Perdue, 70, President Donald Trump’s nominee to head USDA, will appear before the Senate Agriculture panel this morning. While some questions will focus on recent media reports of potential conflict of issue matters while he was governor of Georgia, the key policy items addressed will be the US commodity slump, high anxiety in the agribusiness sector about President Trump’s trade policies, and the 21 percent budget cut the president proposed for USDA. The Trump administration last week proposed cutting the USDA’s discretionary budget by one-fifth to $17.9 billion, which would be the lowest since 1988. As Georgia’s governor, Perdue led trade missions to China and Cuba.
Perdue is expected to clear the Senate committee, and ultimately the full Senate, with ease. In February, more than 600 organizations in the food and agriculture sector sent Senate Agriculture leaders a letter urging them to swiftly confirm Perdue, who was the last Cabinet-level nominee to be named when Trump announced him as the pick for Agriculture secretary on the eve of Inauguration Day. And he is the last of the 22 Cabinet-level picks to face a confirmation hearing.
USDA needs a leader. Senate Agriculture Chairman Agriculture Chairman Pat Roberts (R-Kan.) has promised that the panel “will move as quickly as possible in a bipartisan fashion to accomplish its work and get the governor down to the department.” Roberts added that “agriculture needs a voice, an advocate, a champion at the highest levels of government.”

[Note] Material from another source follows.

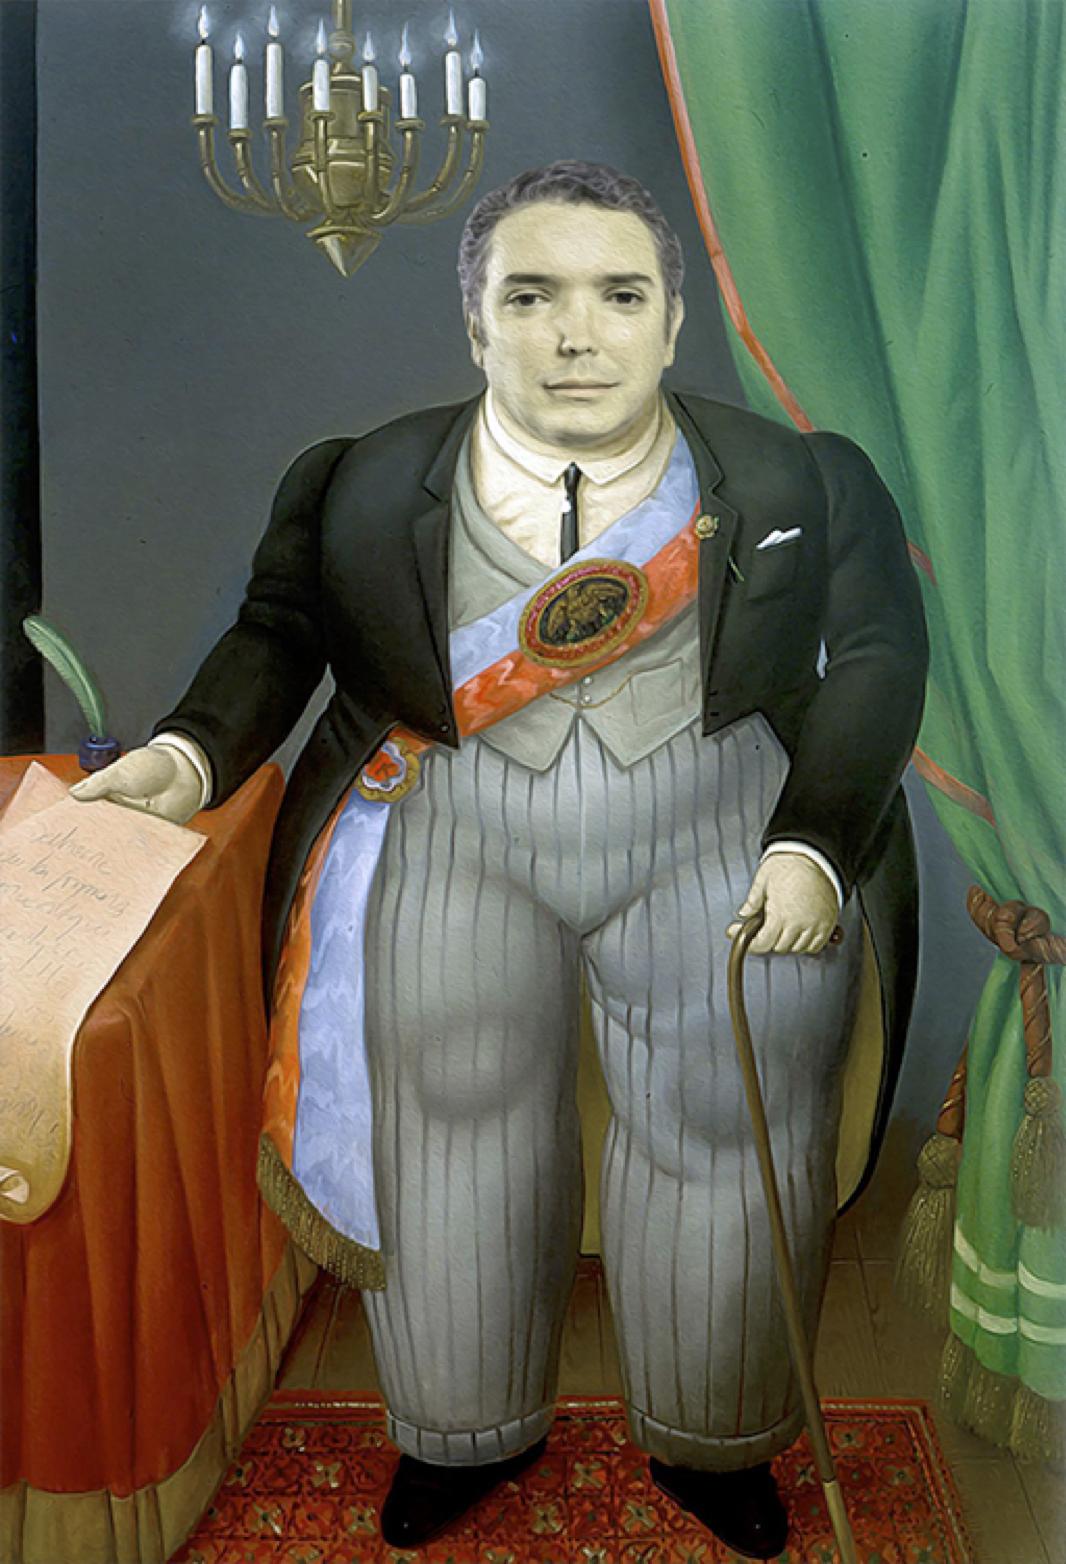 El Presidente, Fernando Botero, 2018, 198 x 130 cm, óleo sobre tela, pintura...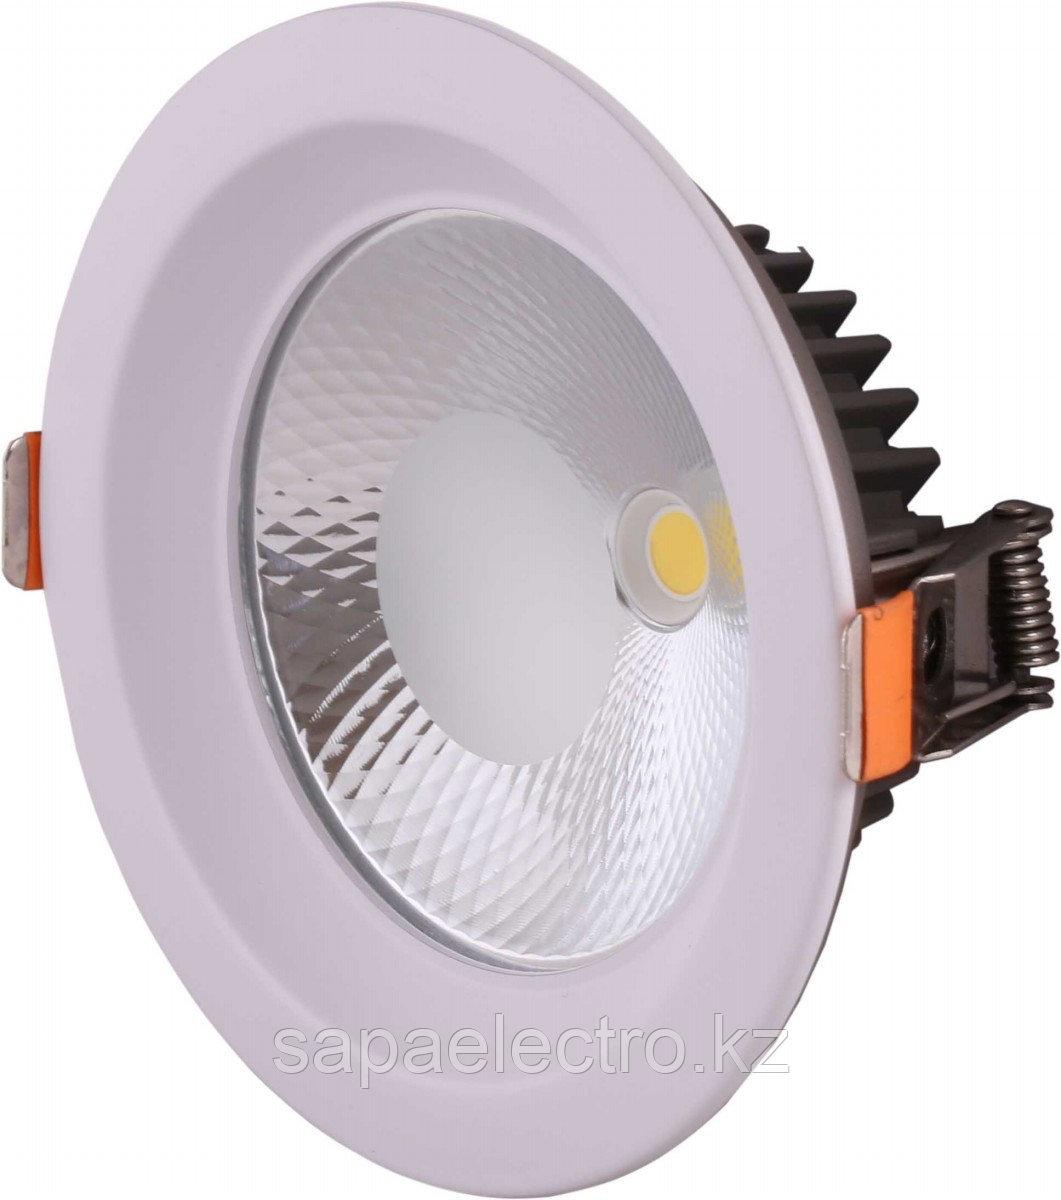 Sv.DOWNLIGHT LED AVENA NEW COB 10W WH 6000K(TT)40

Other key issues likely to be addressed at the nomination hearing are Perdue’s thoughts on a new farm bill, the food stamp (SNAP) program, the need for farm workers and thus immigration policy, agricultural research, crop insurance and food aid. Recent devastating wildfires in Texas, Kansas, Oklahoma and Colorado will generate questions from the panel on USDA’s role in fire prevention as well as disaster response. Perdue pledged to place most of his business interests into a blind trust, if confirmed.
Comments: The hearing comes on a key day when House members are expected to vote on a health-care reform bill, while another big media interest will be the continued look at Neil Gorsuch as Trump’s nominee for the Supreme Court.